Today: nothing planned
Thursday 2/18
Yesterday:
Today:
Wednesday 2/17, 3:30 PM
Yesterday: updated code review and second sprint pages, printed
material for Thursday guest lecture
Today: assign reading and writing for Tuesday
Tuesday 2/16, 1:00 PM
Yesterday: nothing
Today: check wikis, plan spring presentation, start code review docs
Monday 2/15, 10:00 AM
Yesterday: vacation
Today: check wikis, plan spring presentation
Friday, Saturday, Sunday
Yesterday: visited wikis, entered TBS convex hull idea, worked on
guest speakers
Today, tomorrow, Sunday - family vacation time
Thursday 2/11: 10:30 AM
Yesterday: A little work on guest speakers.
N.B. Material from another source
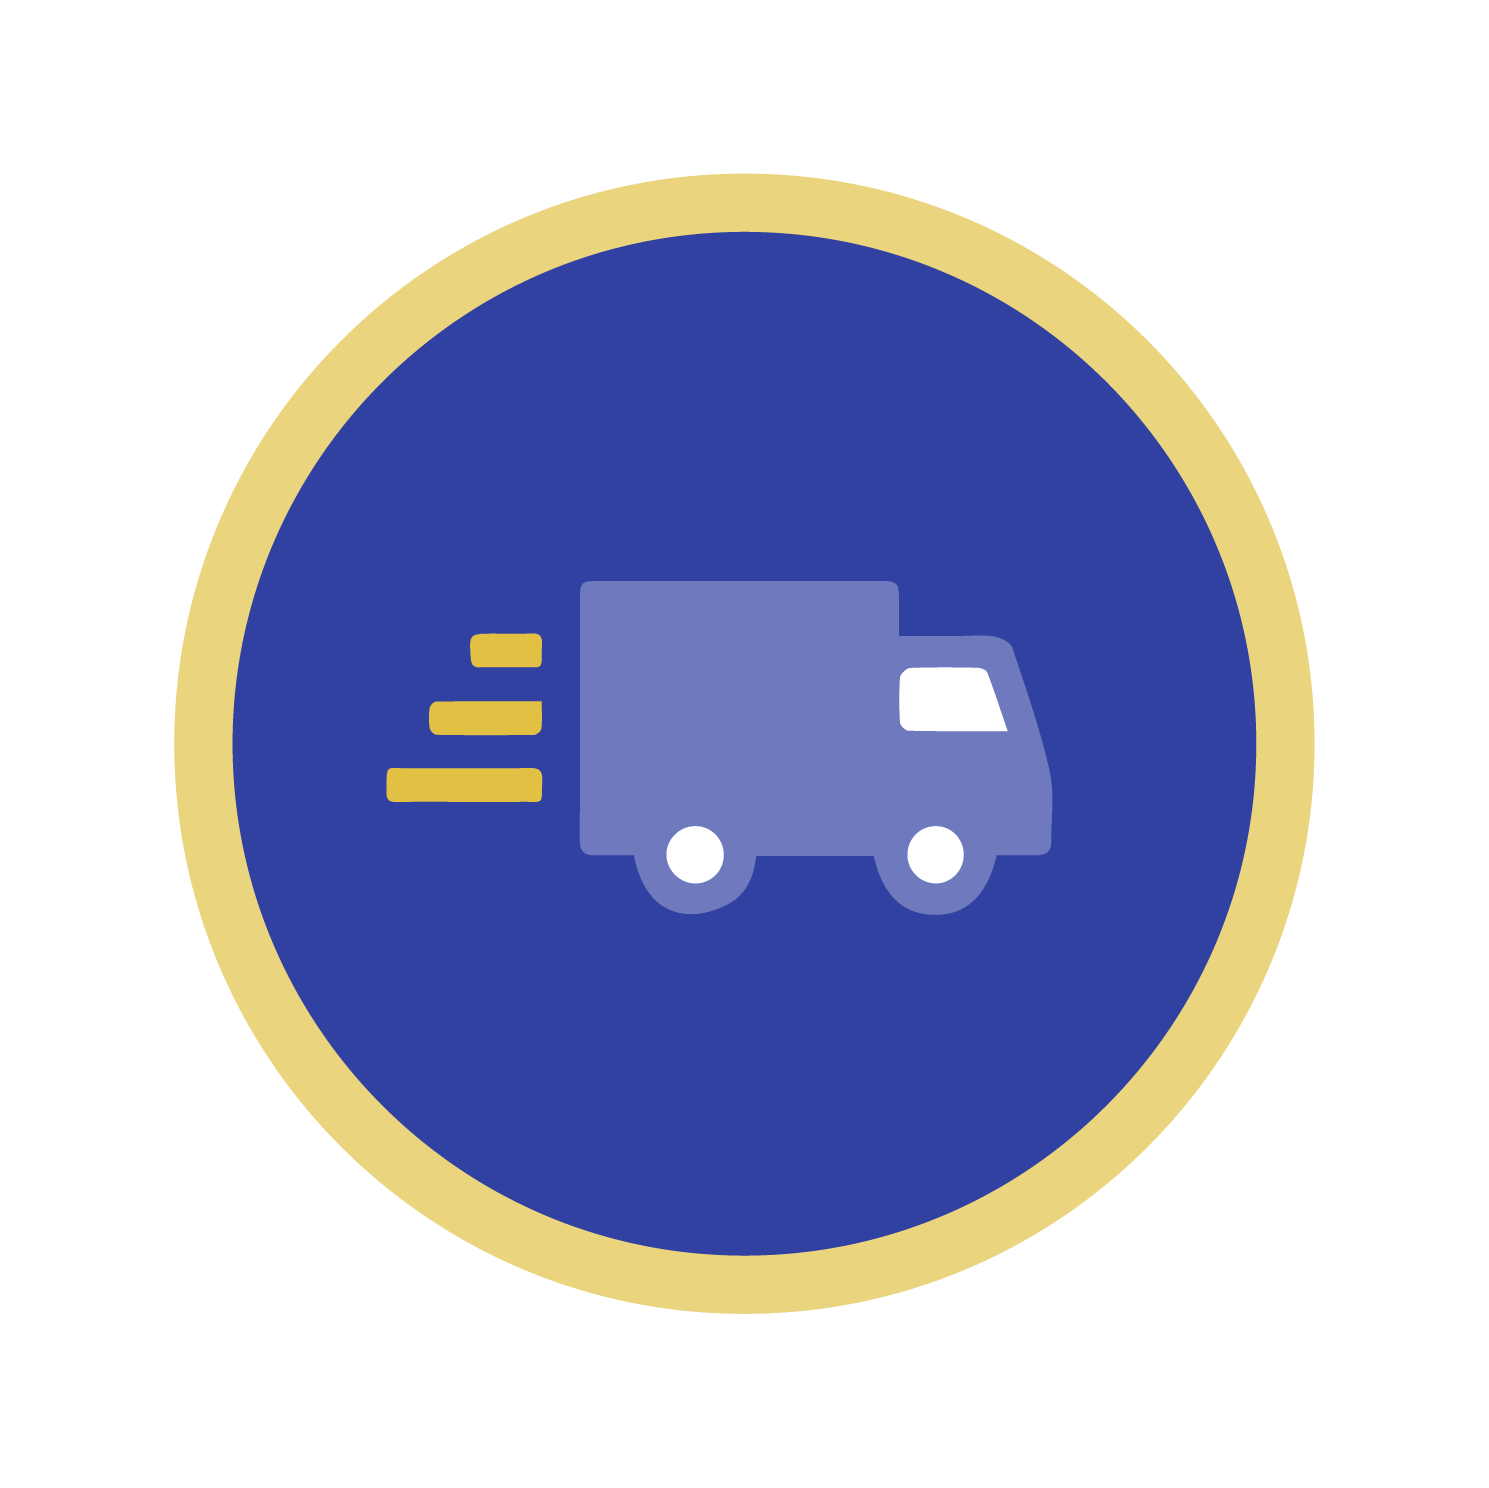 Truck driving away icon

Today: Visit wikis. Start second sprint specs.
Wednesday 2/10, 3:30 PM
Yesterday: visited wikis, prepared class, a little guest speaker stuff
Today: Guest speaker stuff (Adam, Donna)
Tuesday 2/9, 8:00 AM
Yesterday: nothing
Today: Prepare class, work on team switch specs, visit wikis
Monday 2/8 - a washout. I didn't even write a scrum report saying it
was a washout. (I did do lots of other work to earn my state salary,
but nothing for this course.)
Yesterday:
Today:
Sunday 2/7 9:25 AM.
Yesterday: No posting. Friday I worked on
Milton Bordwin and Jeff Fried visits.
Today: Look at wikis.
Friday 2/5 9:35 AM.
Yesterday: finished scrum rules, firmed up Jean-do visit
Today: follow up Milton Bordwin visit, touch code review page, enter
TBS enhancement issue
2/4 10:30 AM.
Yesterday: updated spring schedule, this file (my
scrum schedule), met deadline for draft of presentation specs and
scrum rule specs, email
with Jean-do about guest lecture.
Today: Start code review page for Jean-do (not even on my
schedule), check wikis - add comments. Fix spelling errors on See3PO
wiki.
What I learned from the January 28
writing
exercise is that the best way for me to encourage
the class to use good software engineering practice is to model it for
them. So here are my tasks for the first sprint, based on the template
in that exercise.
-
Description.
Implement scrum. For details, see the
scrum rules.
-
Why now?
If we're going to use this methodology we need to start right
away.
-
Time estimate.
One hour of class time per week. Two hours of my time
writing and revising the scrum specs.
-
Testing.
We'll know my part is done when the scrums start.
-
Whose job?
Preparing the rules is my job. Following them is everyone's
-
Partial deliverables.
A working draft of the scrum rules must be ready in time for the class
to prepare for the first scrum, to be scheduled for Thursday, Feb 11,
after Adam's talk. So the deadline for this draft is Tuesday, Feb 9.
-
Risk of failure.
Very low. I've already started the task.
-
Progress report
February 3. Updated scrum rules based on
the discussion in class yesterday - we should be able to settle on the
draft there (with modifications) after class tomorrow.
-
Description.
Flesh out schedule for the part of the course work not covered by the
team sprints:
- Specify format, audience, dates for the presentation.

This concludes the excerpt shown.